I’ve been thinking more lately about the fact that while my grandparents mostly lived into their 90s, I won’t. I will be lucky to live into my 70s, which is the age my parents are now and still going strong. I knew this when I started this journey. Within the space of 5 minutes, that all changed, and it’s taken my breath away.
It’s hard to think of all the things I won’t be able to do because the probability of me surviving this for more than 5 years just dropped to around 22%. It makes me feel like all the treatment I’ve gotten through so far was for naught. All isn’t lost yet, but it’s really hard to pull myself up from this dark place of fear.
I don’t know what to feel yet, really. My stomach’s been in a knot for 2 days already. What little of my life that I’ve actually lived so far has flashed before my eyes. There are no answers to the whys of what’s happening in my body. We just know that this cancer is not going to just behave. Some would point out that this is who I am. I don’t just behave because someone tells me to, either.
My medical team tells me I’m in uncharted waters. Stage IV is where they call cancer incurable. The new node they found in the PET in July knocked me up a notch instead of down. In the space of 5 minutes, I went from Stage II to Stage IV. Reality is that this was probably already metastatic when I got diagnosed in October. They can try to manage it but it will eventually kill me. The big question is what the definition of eventually will be. It isn’t what I thought it would be a week ago. There aren’t enough people whose cancer behaves this way, or people who had similar metastases where their treatment plans were proven to work over time to know which path to take. There are a couple of options on the table today. I need to think about and work at getting a 2nd opinion. I need to work harder at getting my affairs in order.
A week ago, I was starting to plan the things I’d be doing when I finished radiation and was on the mend again. I wanted to buy a new camera and do some traveling. I was thinking about dating again. I’ve spent enough time grieving the fact that I’ve had to do so much of this alone. I have focused on the good qualities of my ex way too much in the past couple of months, wishing I had that back in my life. The good stuff, not him specifically.
If where we are today is where I think this is headed, finding that special someone is pretty much out. It would be patently unfair to ask someone to stand by and watch me die. I know that I couldn’t do that in a romantic relationship. I’d never be able to give all of myself to that person freely. It wouldn’t be right to ask someone else to do more than that. This is all philosophical at this point. I need to get through the next phase of treatment and see how things go before I throw the baby out with the bath water.
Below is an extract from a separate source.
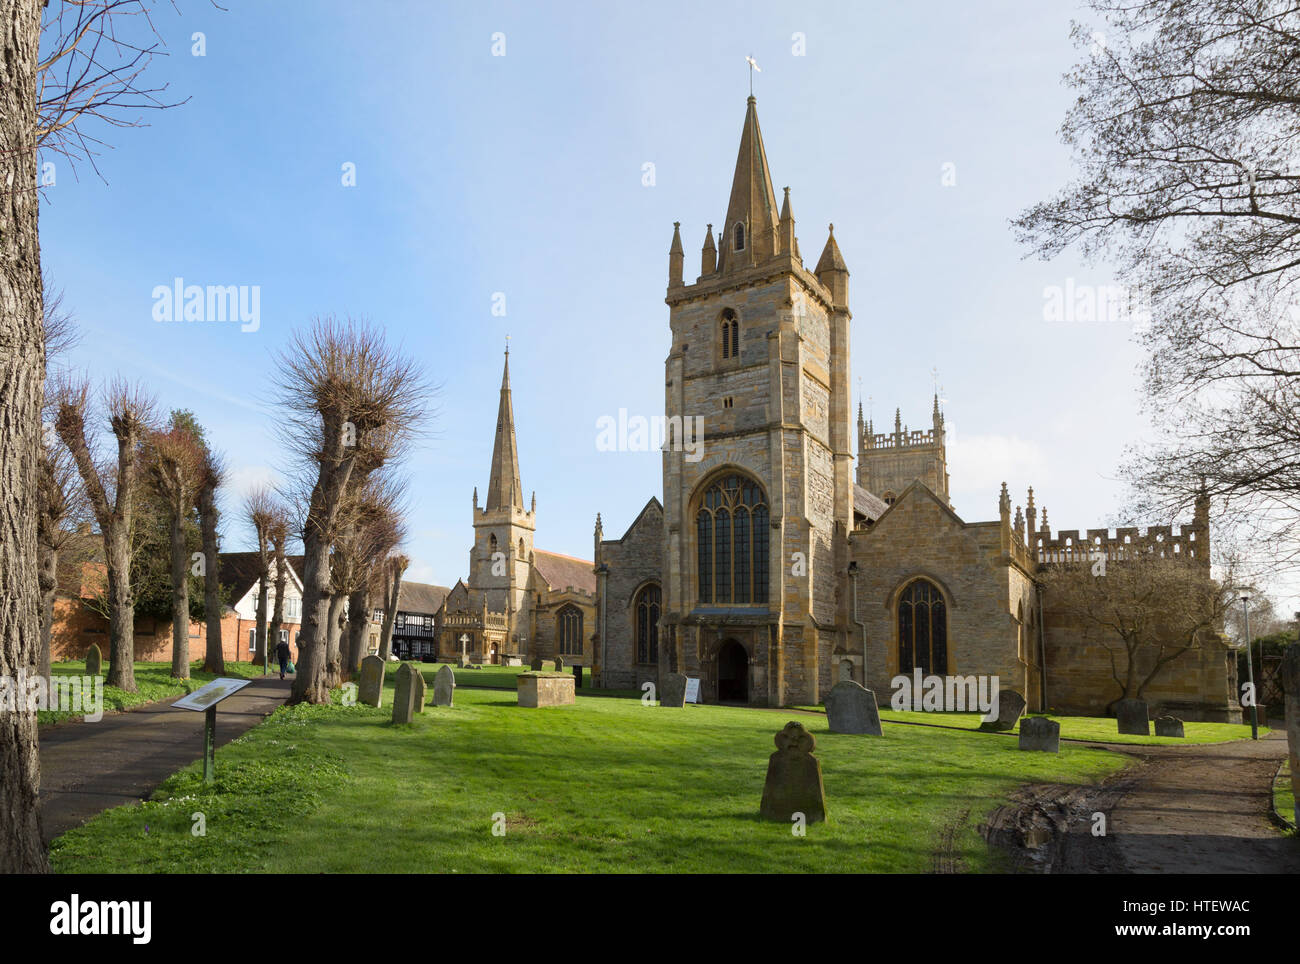 St Lawrence Church, and All Saints Churches, Evesham Abbey Gardens, Evesham, Worcestershire UK Stock Photo

While basically coasting through my chemo, I wondered when the other shoe would drop. It seems that it finally has, and I’m scared. I’m most afraid that I won’t ever be able to be done with treatments and procedures so that I can enjoy whatever time I have left without being exhausted or unable to move. I’m trying not to get too far down the rabbit hole of despair. There are a few patients my doctors have seen where the disease progressed similarly, and the treatment they’re thinking of using on me worked on them, and they’re still disease free almost 2 years later. This makes me feel somewhat hopeful.
I have to stay focused on the coming weeks. How will the next parts of the treatment plan affect me, and what happens if they fail? How will I know? This is the hoping for the best and planning for the worst part of the program. I started to do some of this planning 4 years ago, and then again when I got diagnosed. I put it aside because I needed time to think through some of my decisions about my stuff. Thinking about end of life when you’re still thinking about how you’re going to get through the day and onto tomorrow is just too much of a continental shift to do both at the same time. But there are questions I need to ask myself and hopefully find honest answers. How long will I be able to work and have insurance? What is my plan if I can’t? What steps do I need to take now to plan for my end of my life.
Last night, or more accurately, this morning, I was dreaming that I was back at the offices where I had one of my first real jobs out of college. It wasn’t the same place, but I knew where I was. They had built a new building with a courtyard of businesses where you could get something to eat or run errands on lunch hours. I was staying in a room in the office that was like a hotel room. Another woman was sleeping in a conference room with a big glass window/door. She was on crutches, and I was told the window was so people would now when to go to help her. Everyone there knew I had cancer and that I didn’t have a terribly long time to live. There were some familiar faces that broke into broad smiles when they saw me and enveloped me into hugs, telling me I would be okay and they were happy I could make it for a visit. There were many women there who’d had surgeries and were being wheeled about, or they were getting ready for tests and procedures. They asked if I would sit with them while they had their scans. They wanted me by their sides. It was the first time in 2 days that I’d felt my stomach relax.
It’s not over yet. There are still treatments to be done. I will have to get through the coming days, maybe sometimes hour by hour, and gradually back to day by day and then week to week. It will take time. I have to have the patience and faith that all will work out for the best. Just like all those people in my dream telling me that it will all be okay.